Round 1
Questions: I was given a log file of conversation like this:
"maria: hi, john: hello hi bye bye, maria: pls dont go"
and a helper function parse_log
that would process the file so I would get a list like this:
[(\'maria\', 1), (\'john\', 4), (\'maria\', 3)]
calculating the word count per message. I had to return top N talkative users.
Candidate's Approach
I used a dictionary to calculate word count per person and then made a min heap with "-" to simulate a max heap. The issue is I made a heap of size P (number of people) instead of capping the heap at N (number of top users we need). I finished coding with 20-25 minutes left and then the interviewer pointed to a portion of my code and said I have a bug there. I figured it out immediately. She pointed to another portion for another bug, I took a while but figured it out and fixed it. It can be considered syntactical. Then she asked me to provide some test cases which I did (ties, empty list from parse_log
, etc). Then she asked me for time complexity which I explained and generalized to O(M log U) where M = messages and U = users.

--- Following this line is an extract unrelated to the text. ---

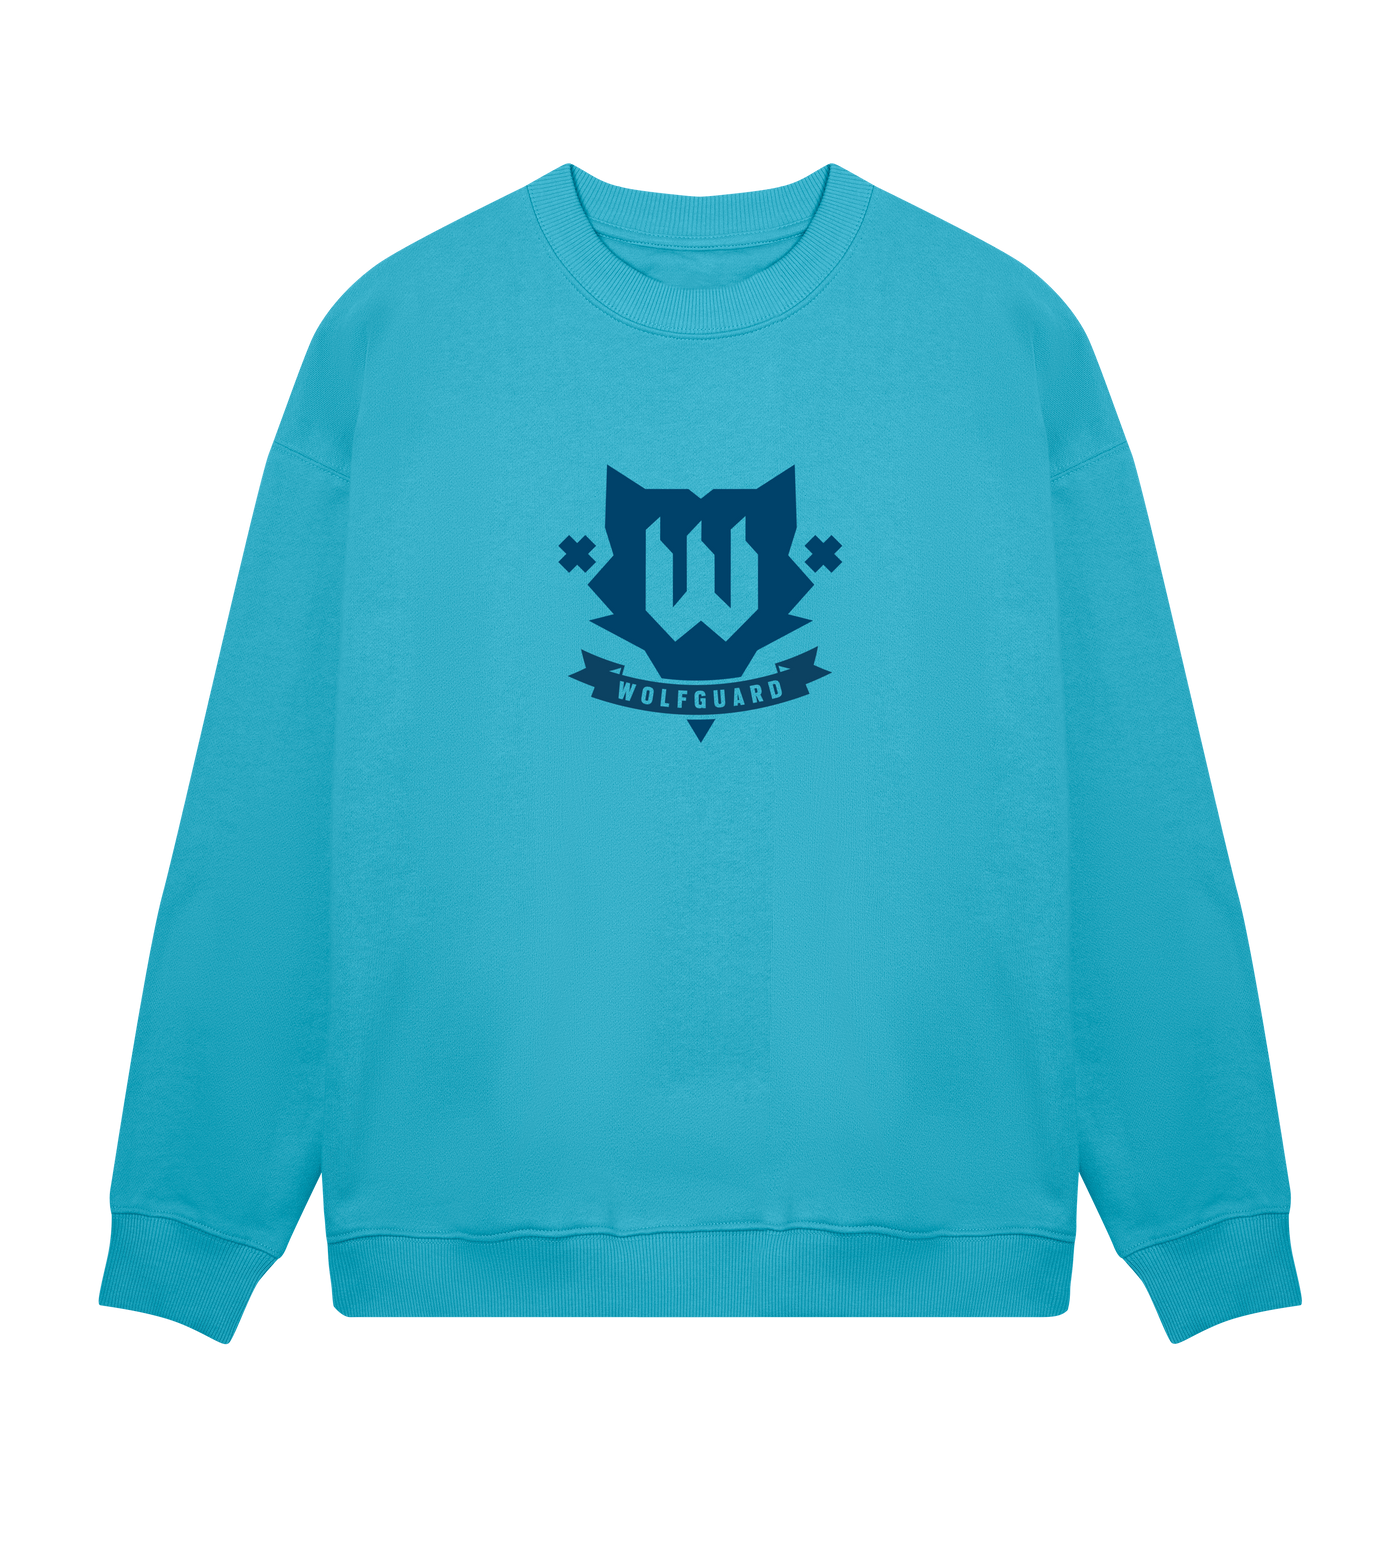 6 SIEGE – Wolfguard Sweatshirt – Limitierte Auflage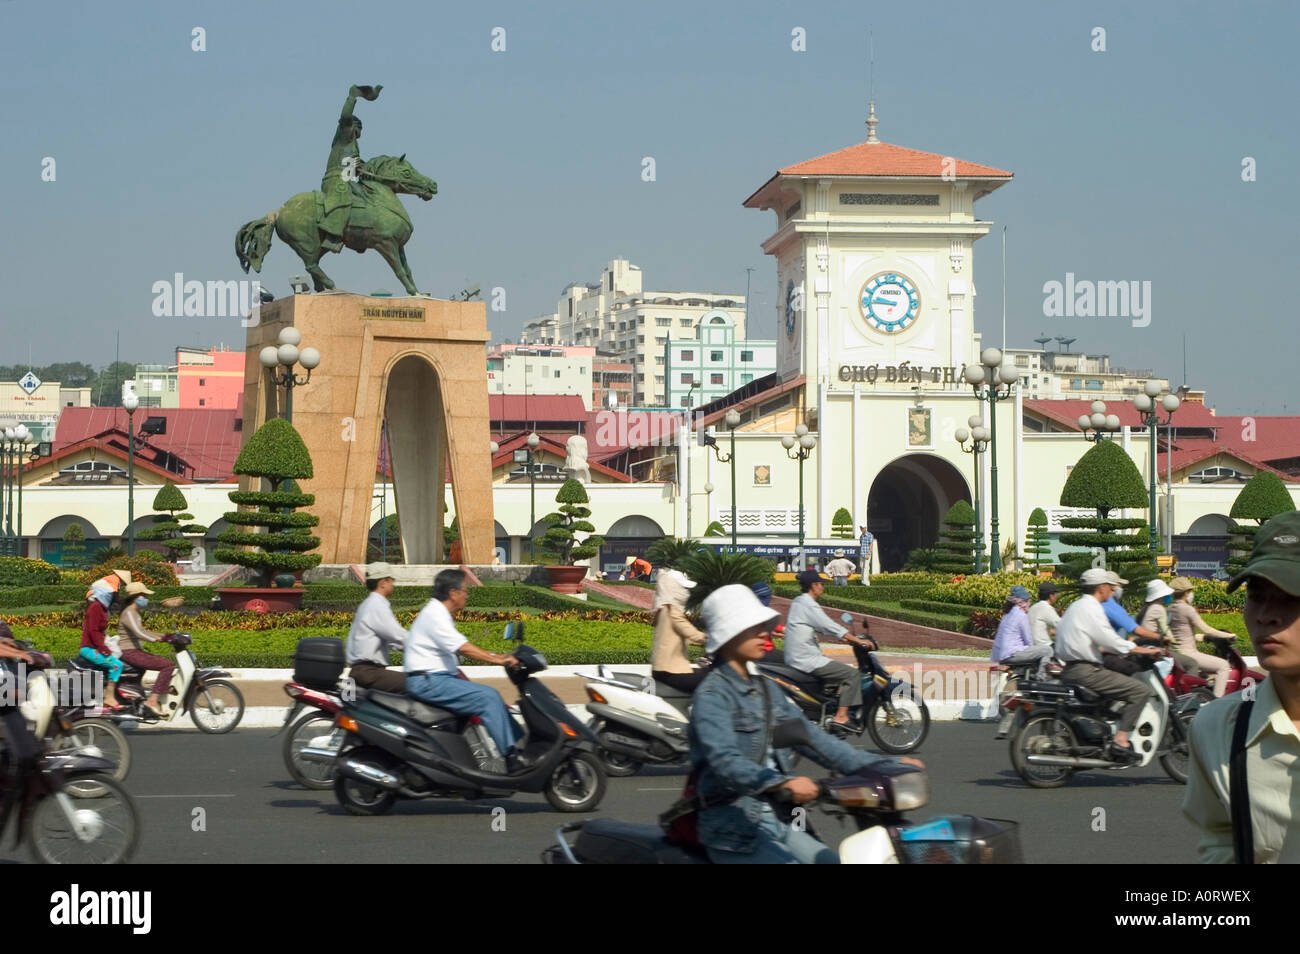 Tran Nguyen statue Han Ben merci du marché publique de la ville Ho Chi Minh City Saigon Vietnam Asie Asie du sud-est Banque D'Images

The biggest issue is that I added all my dict items to the heap (size U) instead of capping it at size N. It was a painfully obvious thing I knew I should do but forgot to as I was coding. So I did not even remember to mention it. The time complexity could have greatly been reduced if I used a heap of size N i.e. O(M log N) which is significant for when N << U. The whole point of a heap is to keep track of top/least/superlative N elements without storing the entire list. But I fumbled it.
Interviewer's Feedback
No feedback provided.